● Problem
Once you reach the line containing "アコギで5月の風を表現した爽やかな曲の再生済みの波形" in the entries below, write out that line and each one after it down to the line containing "Теги HTML в", exactly and with nothing added.

● Records provided
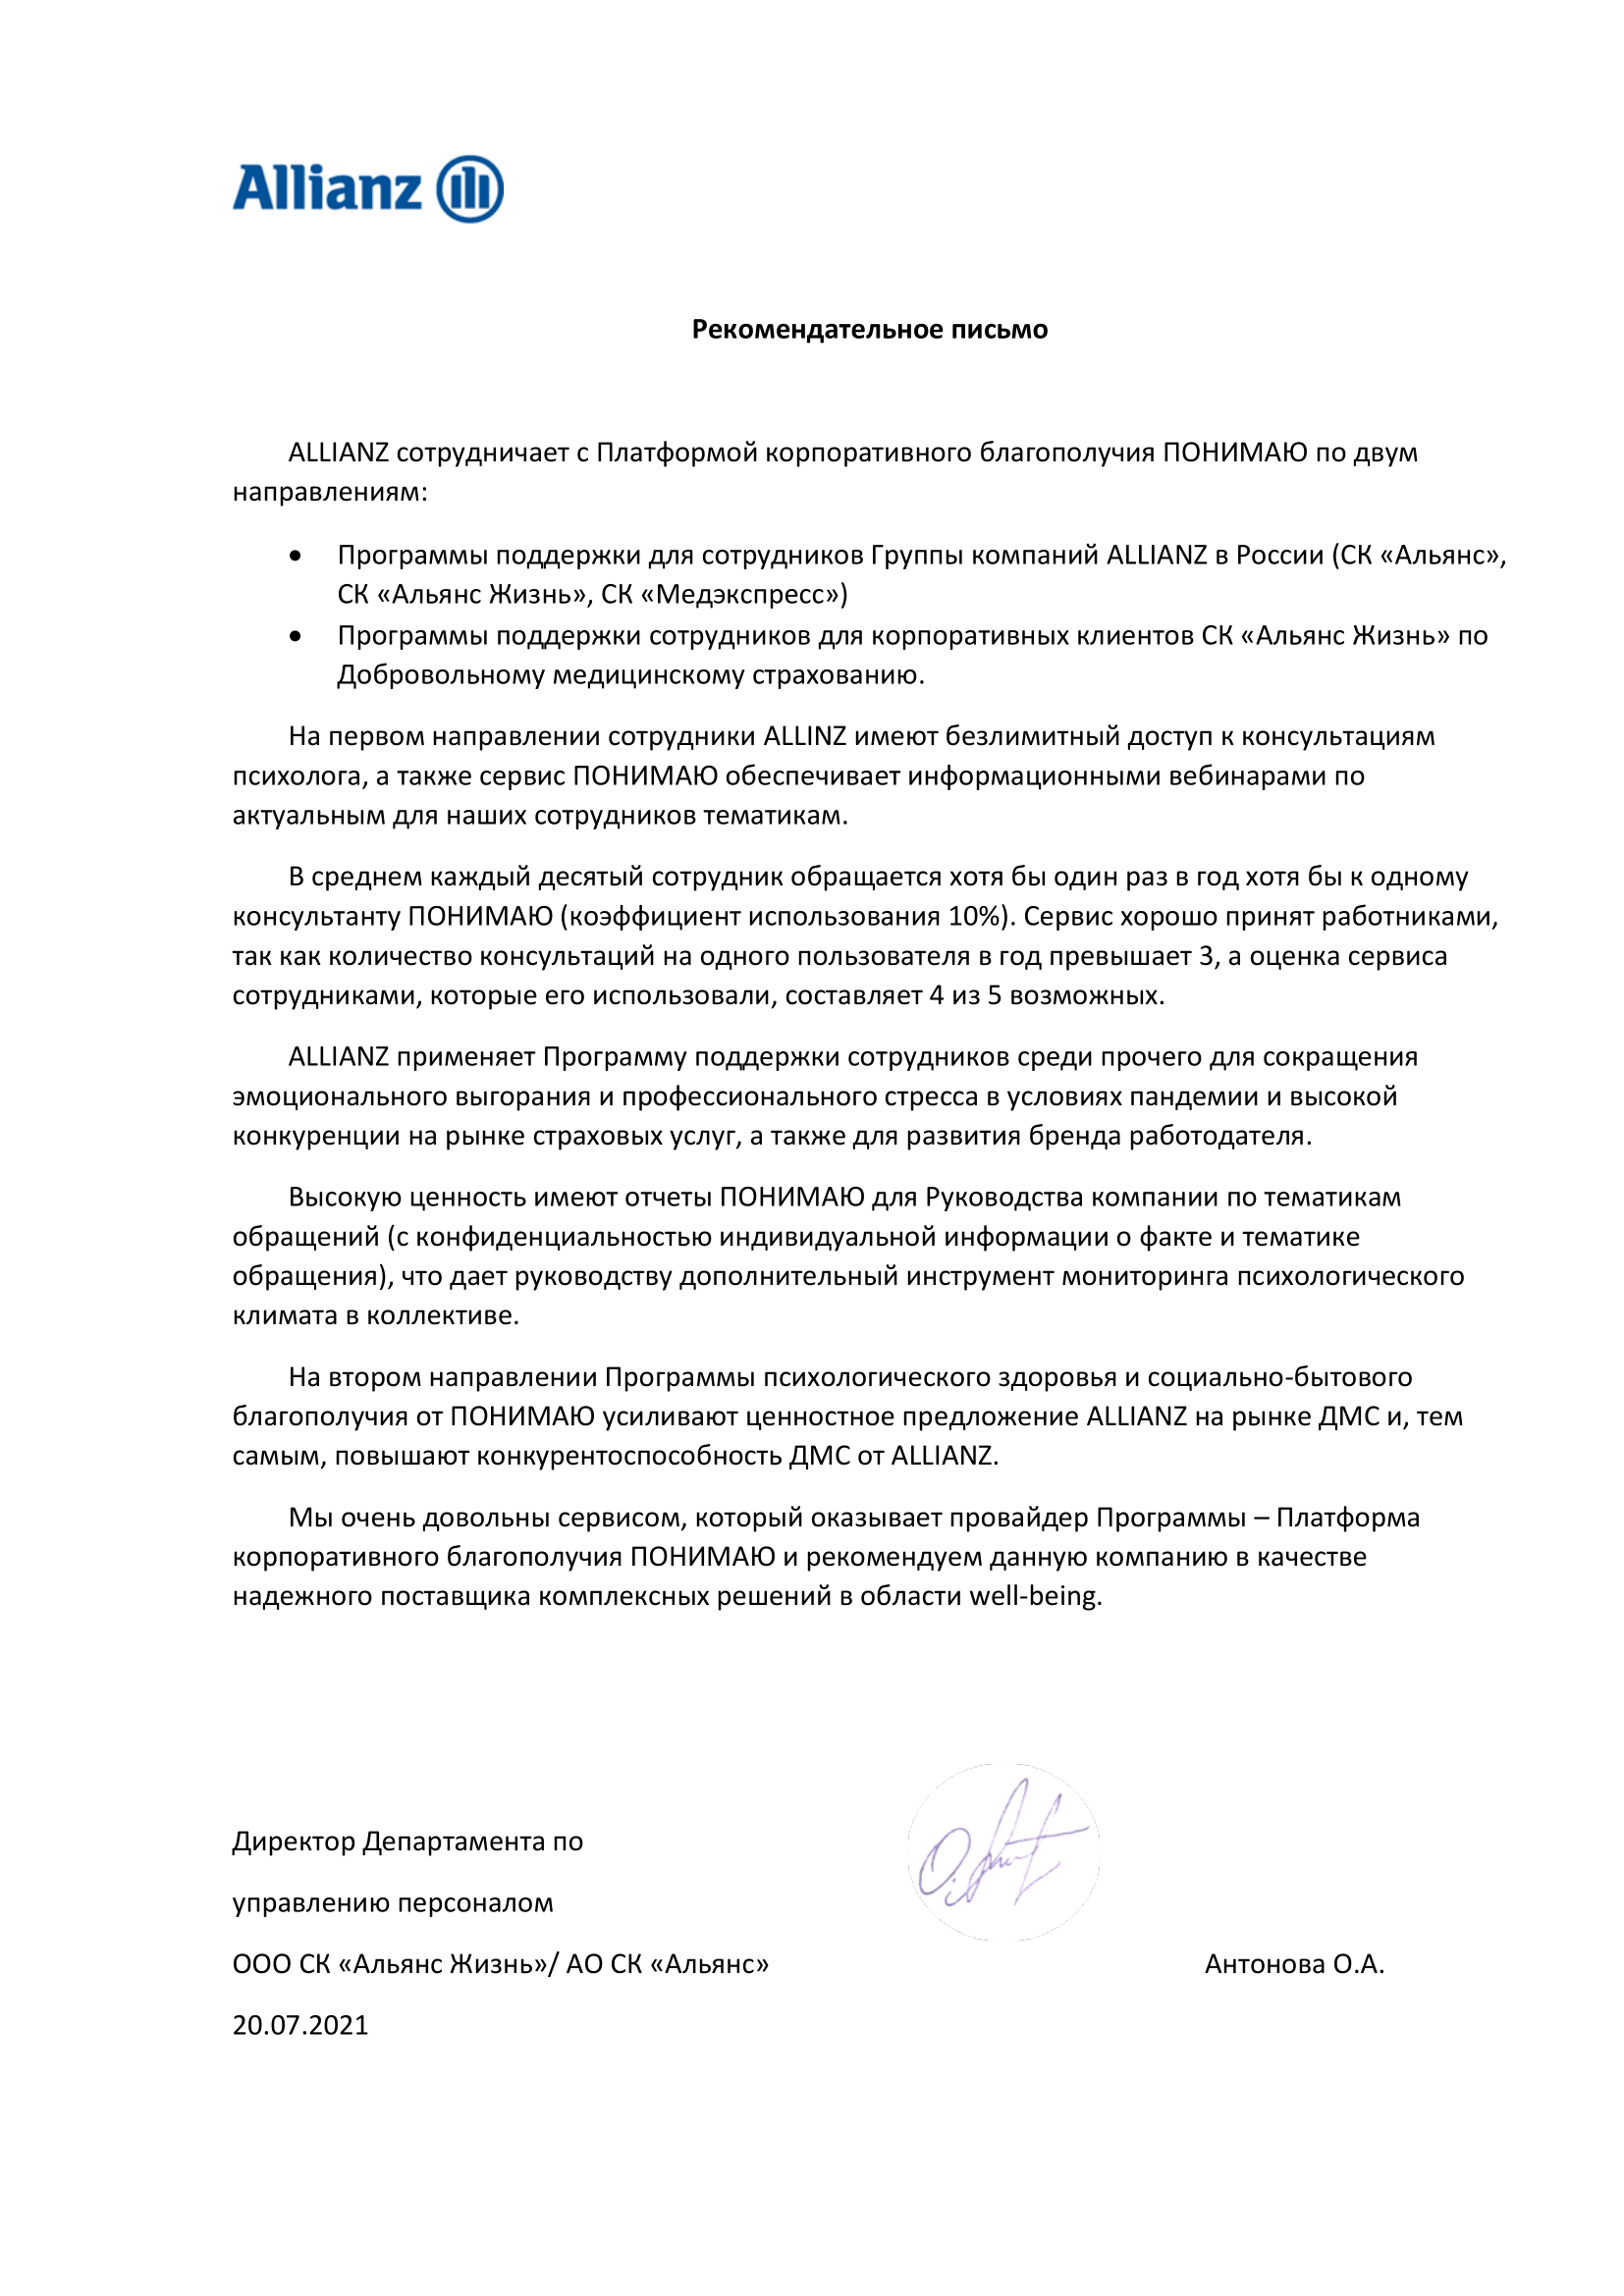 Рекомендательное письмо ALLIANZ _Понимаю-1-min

...

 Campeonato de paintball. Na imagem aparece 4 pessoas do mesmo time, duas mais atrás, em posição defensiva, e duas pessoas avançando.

...

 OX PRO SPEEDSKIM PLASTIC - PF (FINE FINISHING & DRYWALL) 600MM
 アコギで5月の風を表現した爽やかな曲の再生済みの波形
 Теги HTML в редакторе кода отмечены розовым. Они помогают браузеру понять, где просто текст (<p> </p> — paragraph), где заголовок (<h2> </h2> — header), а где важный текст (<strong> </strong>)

● Answer space
 アコギで5月の風を表現した爽やかな曲の再生済みの波形
 Теги HTML в редакторе кода отмечены розовым. Они помогают браузеру понять, где просто текст (<p> </p> — paragraph), где заголовок (<h2> </h2> — header), а где важный текст (<strong> </strong>)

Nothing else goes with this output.